Feature extraction was performed using the commercial image processing library HALCON13. The detailed schematics of the feature extraction process can be seen in Supplementary Figure 1. First, the edge-preserving smoothing filter was applied to the loaded image. Then, the image was converted to grayscale. The edges were detected by Canny’s edge detection. The endpoints of the nearest edges were closed by the morphological operation. The regions enclosed by the edges were filled up. The original images were decomposed into HSV color space. The extracted regions were applied as masks to the decomposed HSV images. The optical feature values in the hue, saturation, and value color spaces were normalized to the range of $$I_{\mathrm{H}} \in \left[ {0,\pi } \right],I_{\mathrm{S}} \in \left[ {0,1} \right],\,{\mathrm{and}}\,I_{\mathrm{V}} \in \left[ {0,1} \right]$$, respectively, and represented by floating-point values. The position parameters of the exfoliated graphene layers (X, Y) were recorded in the encoder counts of the XY stages.
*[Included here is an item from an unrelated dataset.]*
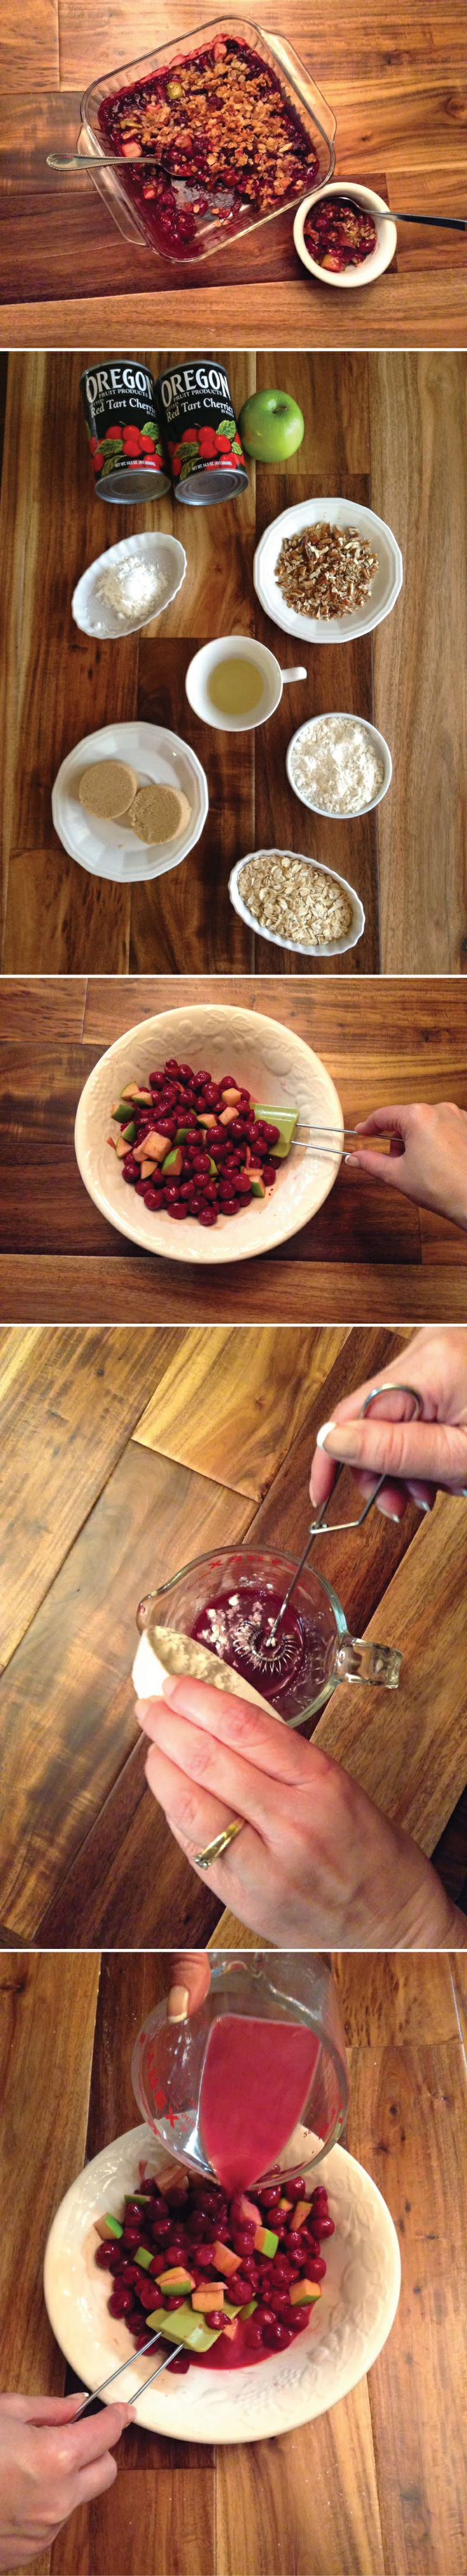 Cherry Crisp recipe made with Oregon Red Tart Cherries

Finally, the feature values listed in Supplementary Table 1 were extracted and stored in CSV format. To accelerate the feature extraction process, we utilized the multithread parallel programming functionalities of HALCON13. The processing of 1 TB of images took 12 h using a 2-CPU workstation with NVIDIA Quadro M4000 graphic processing units.

### Data analysis

The feature values were analyzed using the open-source data analytics platforms Python, Jupyter notebook, SciPy, NumPy, Matplotlib, Pandas, and Scikit-learn. We also utilized the Pillow image processing library for cropping and resizing the optical microscope images for data visualization.